FIELD OF THE INVENTION

[0001] The present invention relates to the field of Information and Communication Technologies.

[0002] The present invention relates more particularly to a method for authenticating a device comprising a processor and a smart card by means of pattern generation.

[0003] The present invention concerns a method for enabling a human user to authenticate a hardware element capable of computer calculations (for example a microprocessor). This enables the user to ensure that the hardware unit is actually the intended one and has not been replaced by a copy.

[0004] The invention is particularly applicable to mobile telephony, when an attacker impersonates the user's telephone in order to collect sensitive data (recording conversations, data transmitted over the Internet, etc.).

[0005] The basic scenario is as follows: [0006] The attacker tries to tap the user's telephone. The current prior art makes it possible to verify the integrity of software (the work of the "Trusted Computing Group"). This verification relies on a so-called trusted hardware device. Any modification of the software, i.e. the tapping of the telephone, will be detected. [0007] However, the case where the attacker impersonates this trusted component is not addressed by the current prior art. Thus, by impersonating this hardware, he is capable of hacking into the software since he controls the entire verification chain.

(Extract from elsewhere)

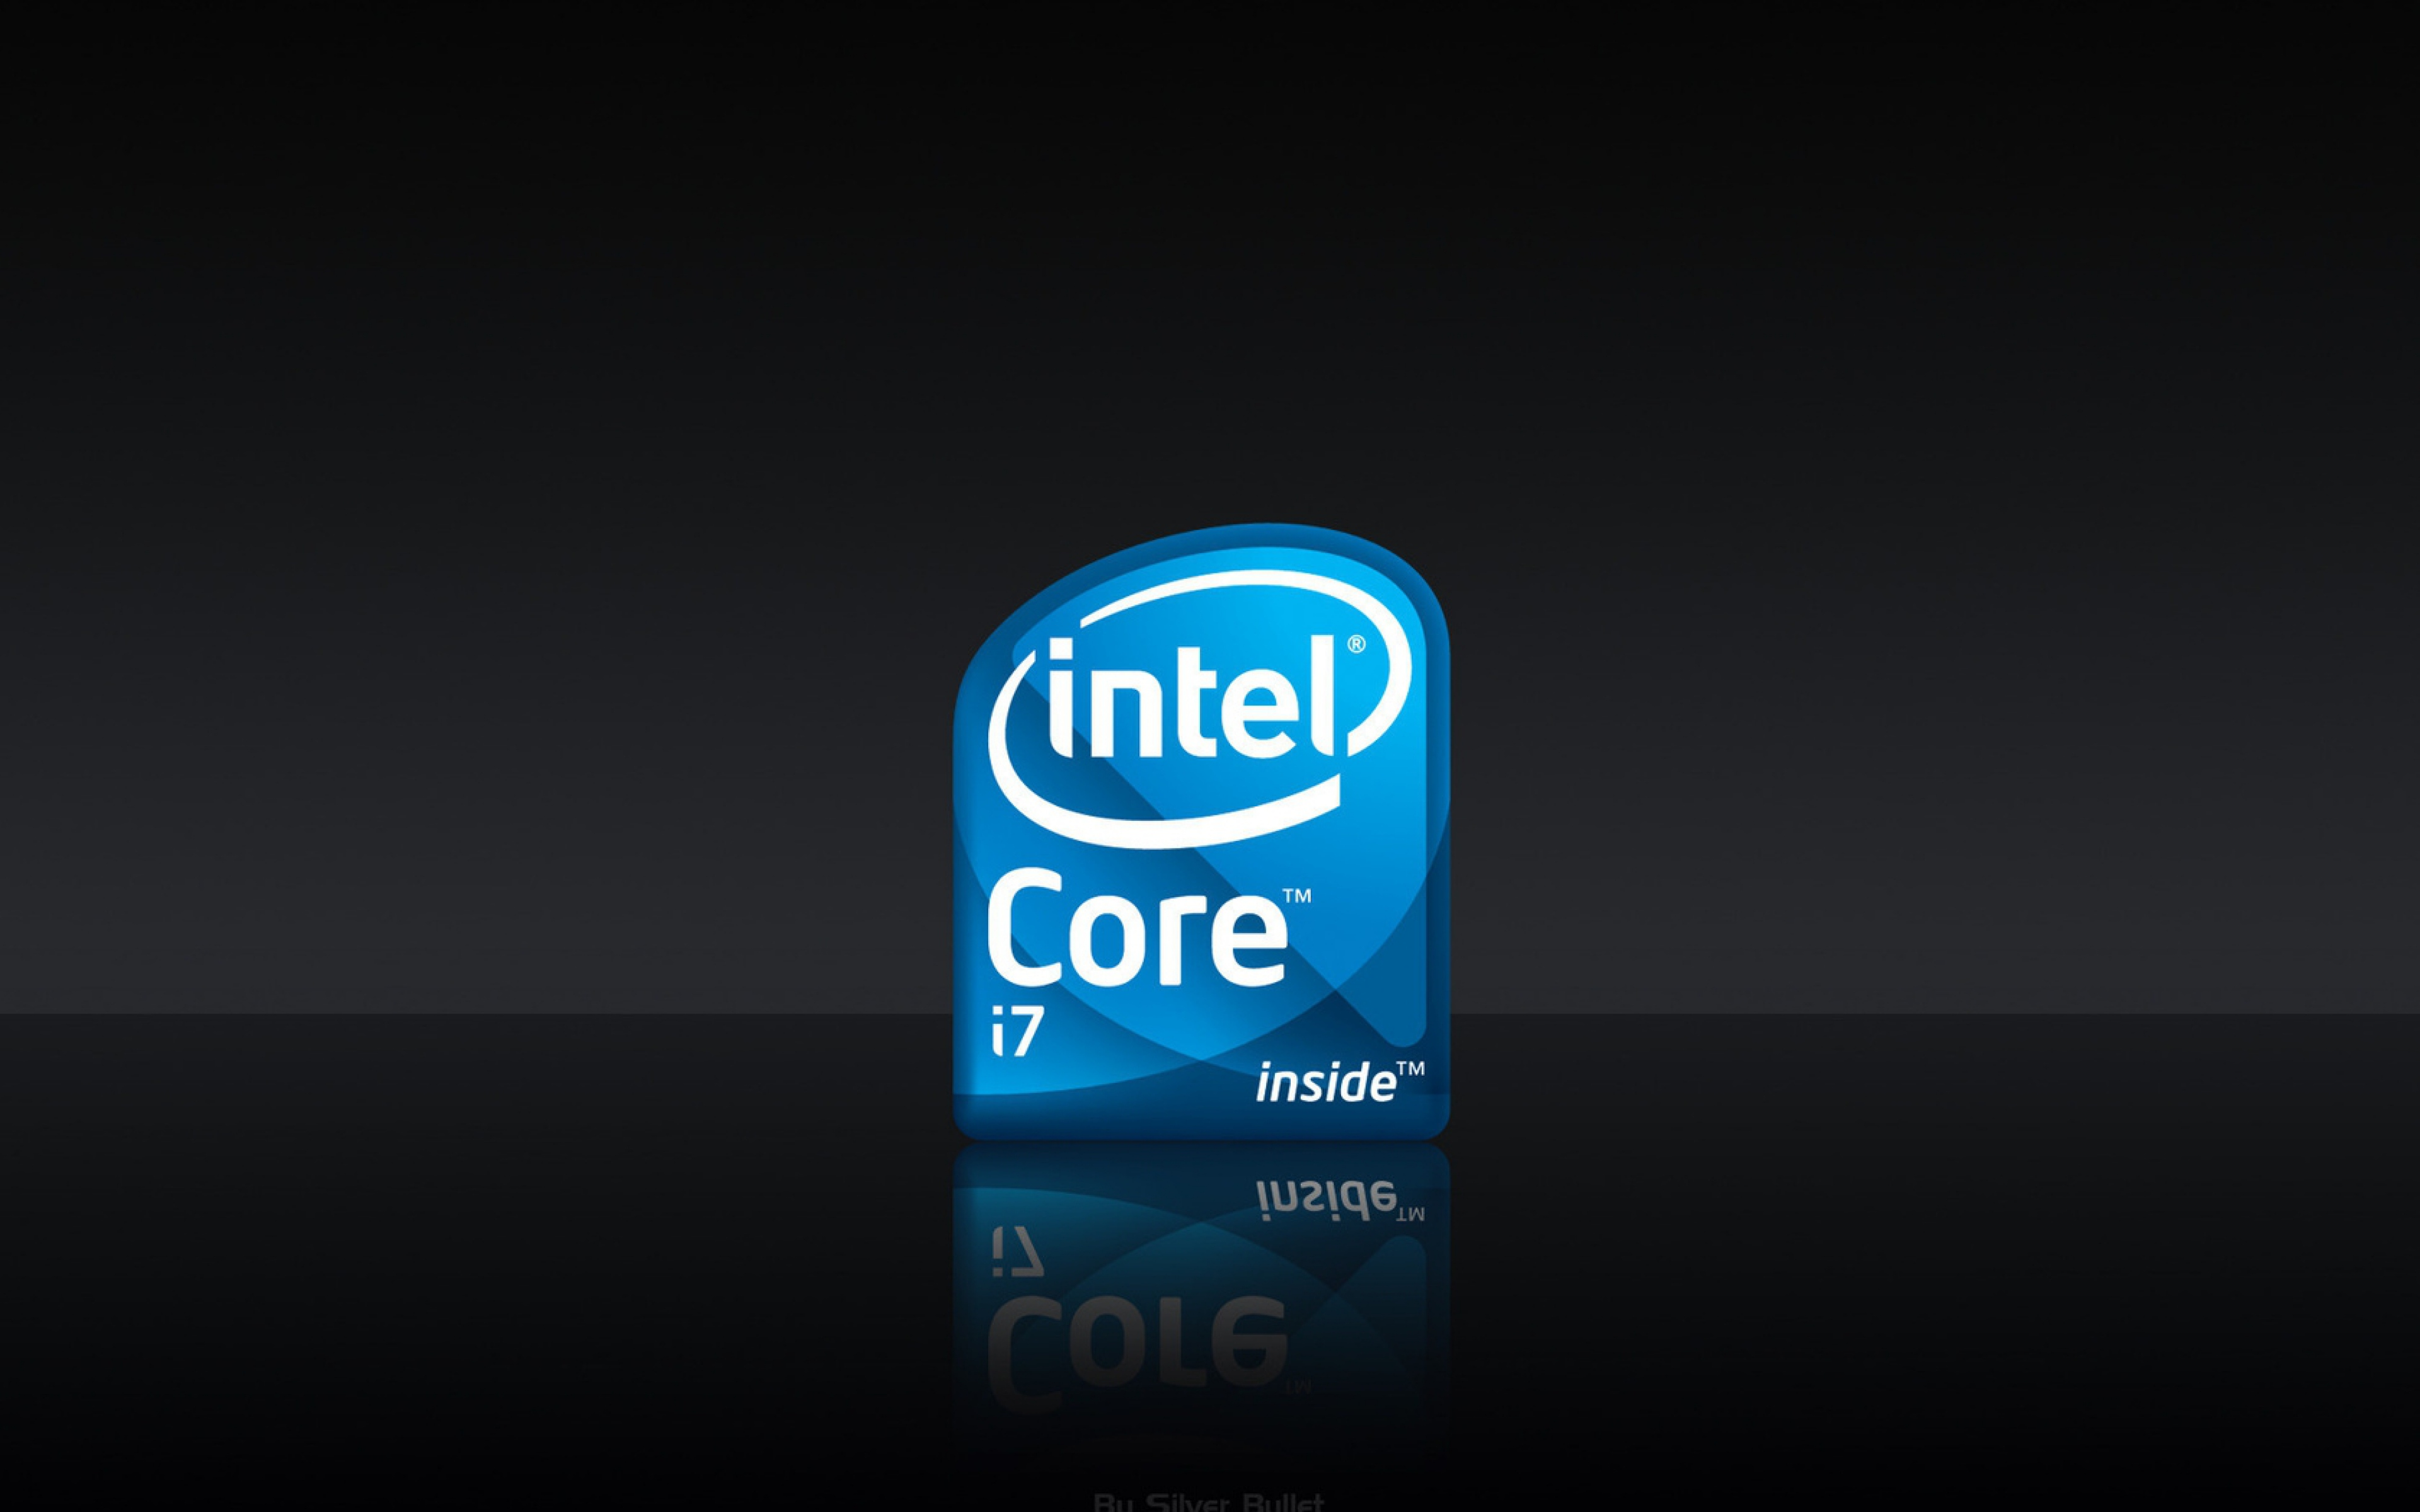 Intel 4k Wallpaper Wallpapersafari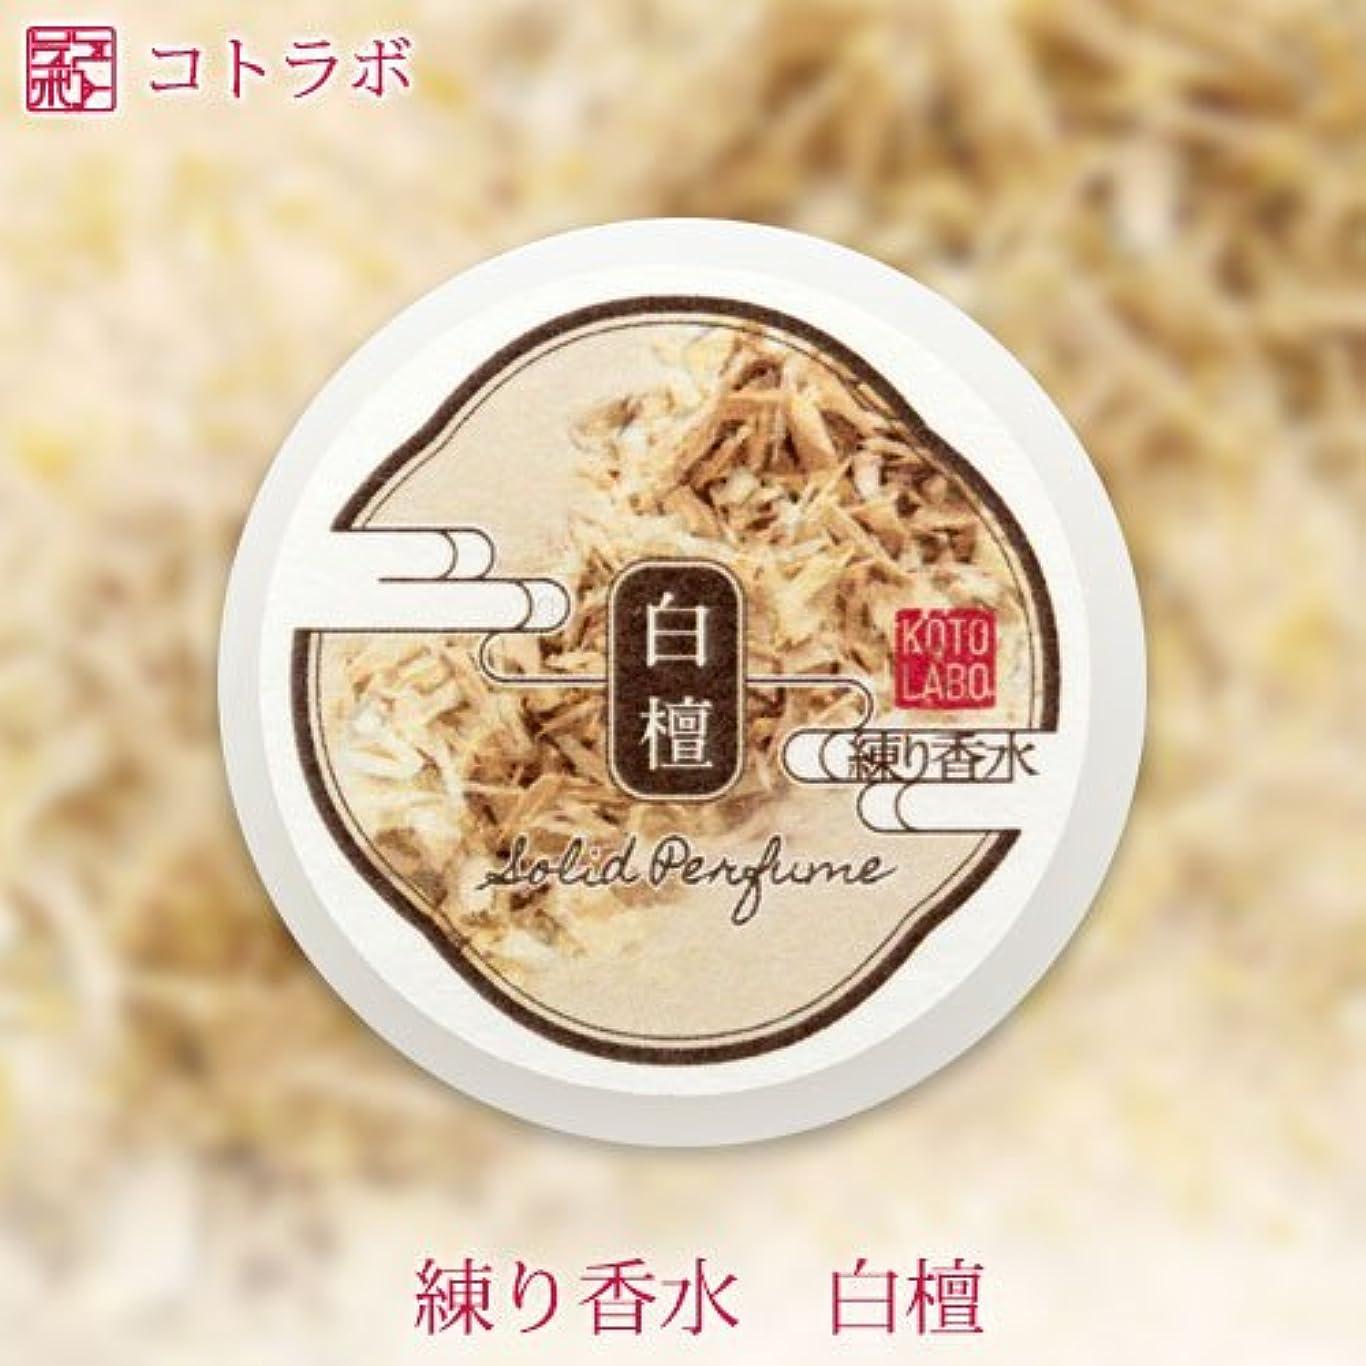 コンピューターを使用するパースジム金箔透明練り香水 白檀の香り ソリッドパフューム Kotolabo solid perfume, Sandalwood

The invention therefore enables a user to detect the impersonation of the trusted hardware.

PRIOR ART

[0008] There are known methods in the prior art for enabling a human being to authenticate a computer hardware device: [0009] The article "Authenticating Pervasive Devices with Human Protocols," An Juels, Stephen A. Weis. [0010] Presented at the conference "Advances in Cryptology--CRPYTO'05,"August 2005 [0011] Published in "Lecture Notes in Computer Science Volume 3621, Advances in Cryptology--CRYPTO'05 25.sup.th Annual International Cryptology Conference, Santa Barbara, Calif., USA, Aug. 14-18, 2005. Proceedings." Victor Shoup; pp. 293-308 [0012] This article describes the HB and HB+ protocols, which enable a human to authenticate a hardware device without much computational power. These protocols are a series of r exchanges. A fake hardware device has a 1/2.sup.r probability of passing for the real one. [0013] The article "On Authentication between Human and Computer," Takahiro Watanabe, Yasunobo Nohara, Kensuke Baba, Sozo Inoue, Hiroto Yasuura. [0014] Presented at the workshop "Fourth Annual IEEE International Conference on Pervasive Computing and Communications Workshop-PerCom Workshop 2006," March 2006 [0015] Published in the proceedings, "PerCom 2006--Fourth IEEE International Conference on Pervasive Computing and Communications WORKSHOPS," the IEEE Computer Society; pp. 636-639. [0016] This article proposes an authentication method between a human and a computer. This method uses a third hardware device for the user actual authentication. [0017] The "sign-in seal" method from the American company Yahoo! Inc.

[0018] This method enables a human user to verify that he is connected to the right server (which in this case plays the role of the computer hardware to be authenticated). This verification is ensured by the fact that only the real server is capable of reconstituting an image previously saved by the user. The image is only reconstituted for a given machine on which the user makes the request.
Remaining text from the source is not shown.